## YOUR OBJECTIVE
Reproduce the data below exactly as written. Pictures do not belong in the copy.

## RECORDED INFORMATION
==================================================
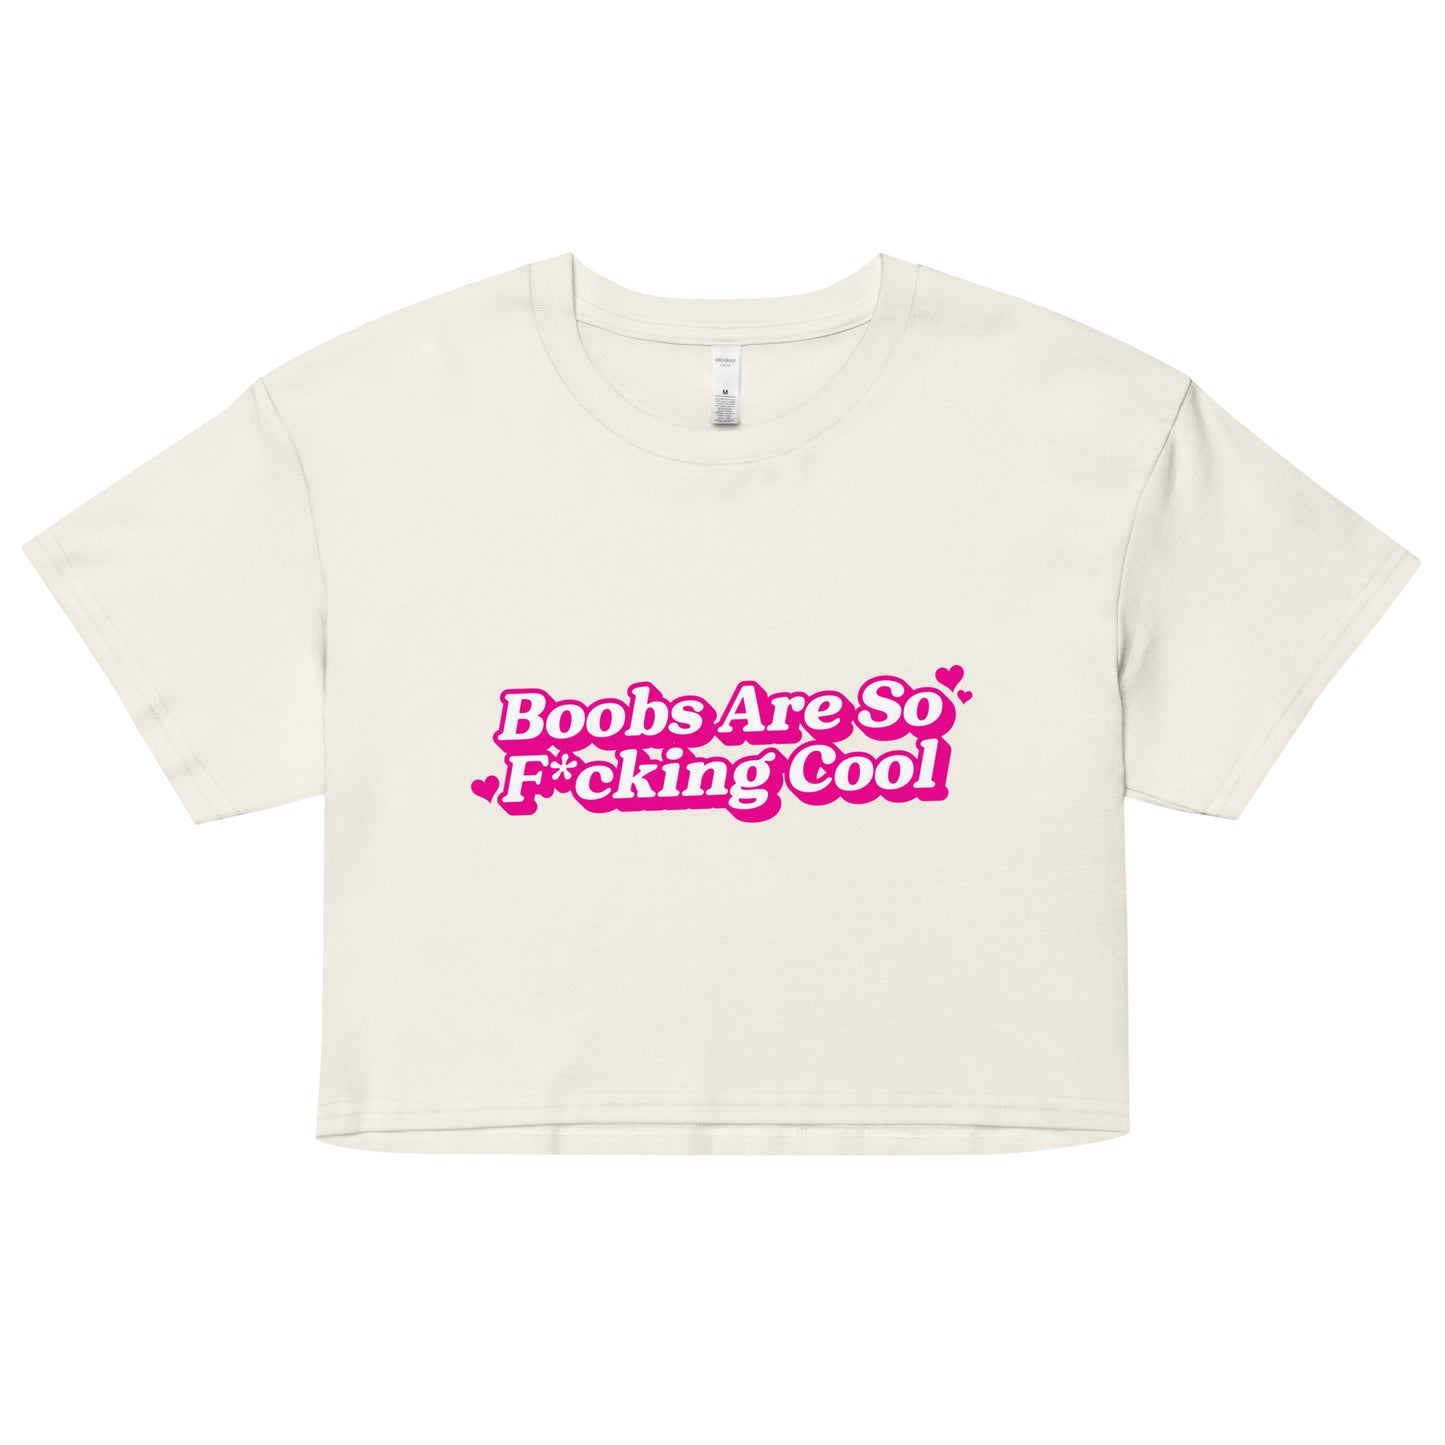 Boobs Are F*cking Cool (Pink) Women’s crop top
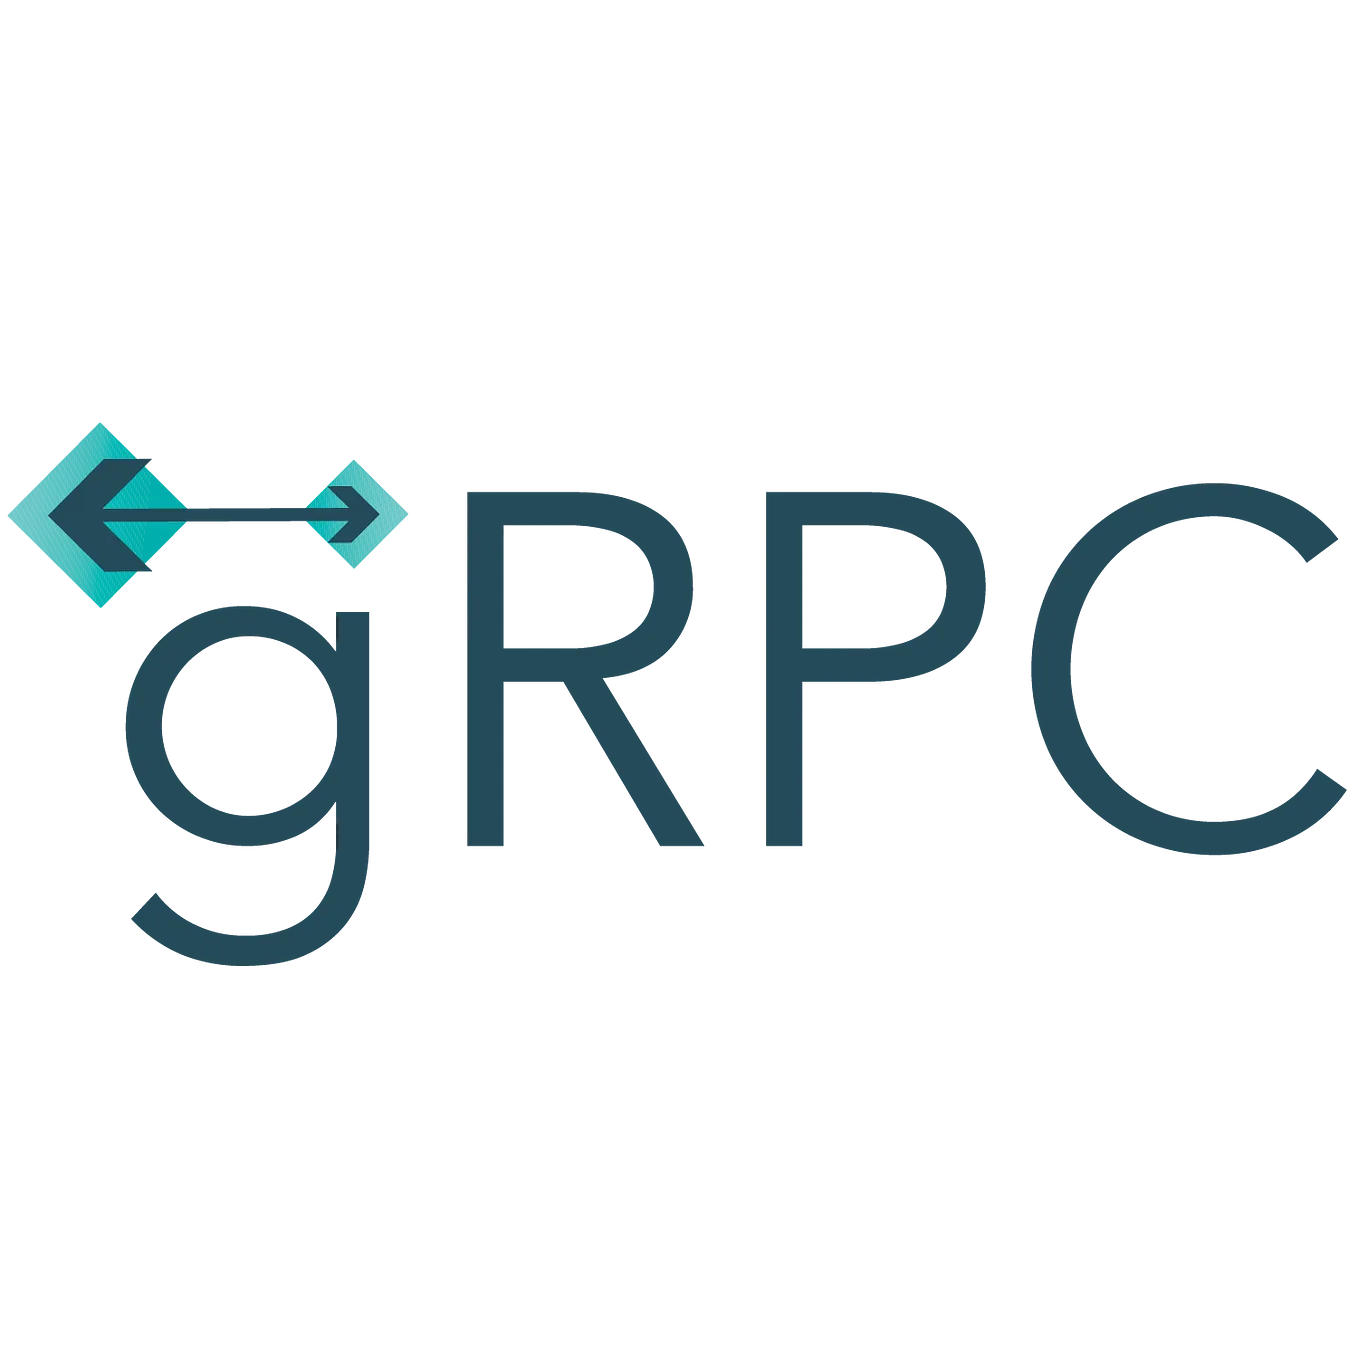 How To: Build a gRPC Server In Go
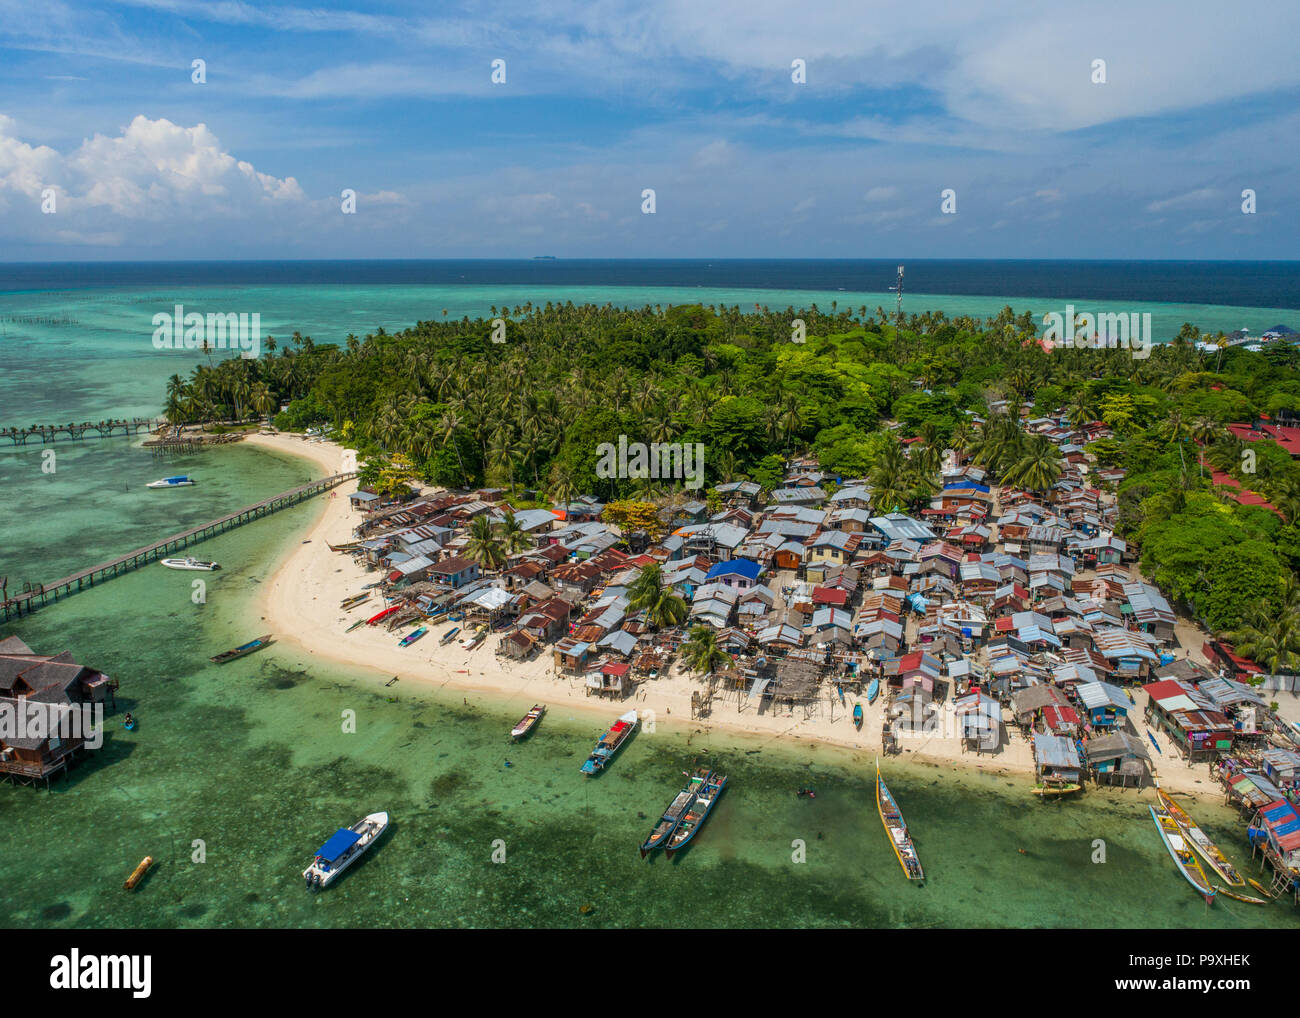 Drone photo of a very poor Bajau sea gypsy village at Mabul Island, Sabah, Malaysia, (Borneo), with tropical sea, blue sky & clouds in the background. Stock Photo
==================================================
## ANSWER AREA
 Boobs Are F*cking Cool (Pink) Women’s crop top
 How To: Build a gRPC Server In Go
 Drone photo of a very poor Bajau sea gypsy village at Mabul Island, Sabah, Malaysia, (Borneo), with tropical sea, blue sky & clouds in the background. Stock Photo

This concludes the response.